Monday, September 15, 2025

Dozens of female Mossad operatives ran covert missions inside Iran during the 12-Day War

 

A clandestine network of female Mossad operatives slipped into Iran during the 12-Day War—running surveillance, logistics, and other on-the-ground tasks that helped blind Tehran’s defenses and enable precision strikes, according to an exclusive report first published in Israel. The account, citing Israeli sources, says “dozens” of women had boots on the ground, a detail later echoed by Iran-focused and pro-Israel outlets that summarized the scoop.

The picture that emerges: human assets moving quietly while the Israel Defense Forces and intelligence services pummeled missile sites, air defenses, and nodes tied to the nuclear program. Previous reporting from major outlets described Mossad agents penetrating Iranian territory to dismantle weapons systems and shape the battlespace before the first bombs fell—context that aligns with the new focus on women in field roles.

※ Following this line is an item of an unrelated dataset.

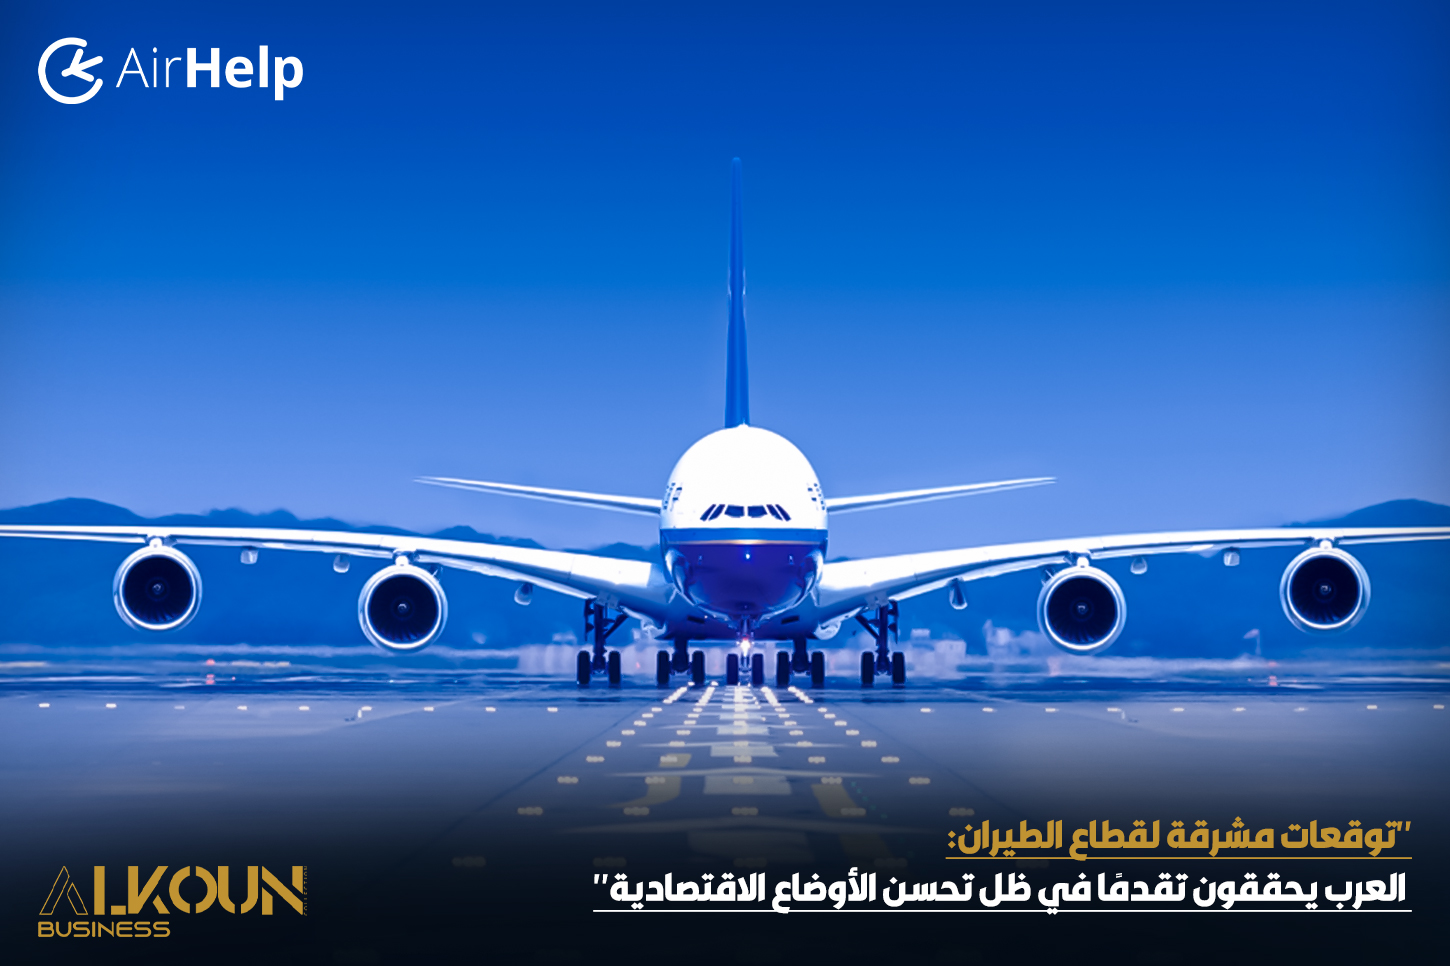 "توقعات مشرقة لقطاع الطيران: العرب يحققون تقدمًا في ظل تحسن الأوضاع الاقتصادية"

Mossad chief David Barnea has publicly praised his operatives’ performance during the campaign, calling the period “historic” and signaling the agency will keep working inside Iran as required. While he didn’t detail gender or units, his remarks—and an official video message—underscore an intelligence posture that blends cyber deception, local partners, and covert teams to hit targets far from Israel’s borders.

Operationally, female case officers and collectors expand cover options, complicate Iranian counterintelligence, and can move in spaces where male operatives might trigger alarms. The sources-based narrative credits these teams with roles from agent handling and route prep to last-mile targeting support—classic HUMINT (human intelligence) that turns satellite feeds and signals intercepts into actionable coordinates.

Tehran has long cast itself as impenetrable. Yet open-source and investigative reporting following the war described precisely the kind of pre-planted networks Israel would need: dissident cells aiding sabotage, decoy summons that lured senior officers, and detailed mapping of high-value personnel—methods that would be amplified by skilled handlers on the ground.

Israel’s strategic logic is straightforward: Iran arms and directs terror proxies—Hamas, Hezbollah, and others—while racing for nuclear leverage. Covert reach inside the regime is both deterrence and insurance. Barnea and senior Israeli officials have hinted that if Tehran rebuilds capabilities or edges its uranium toward weaponization, the playbook is ready to reopen—quietly at first, and then not so quietly.

The initial “female operatives in Iran” revelation came via The Jerusalem Post; Iran International and World Israel News carried follow-ups; Reuters and other outlets provide the broader operational backdrop of agents operating on Iranian soil during the same campaign. Together, they sketch a coherent arc: a service that can still put people—women and men—deep inside the heart of the Islamic Republic.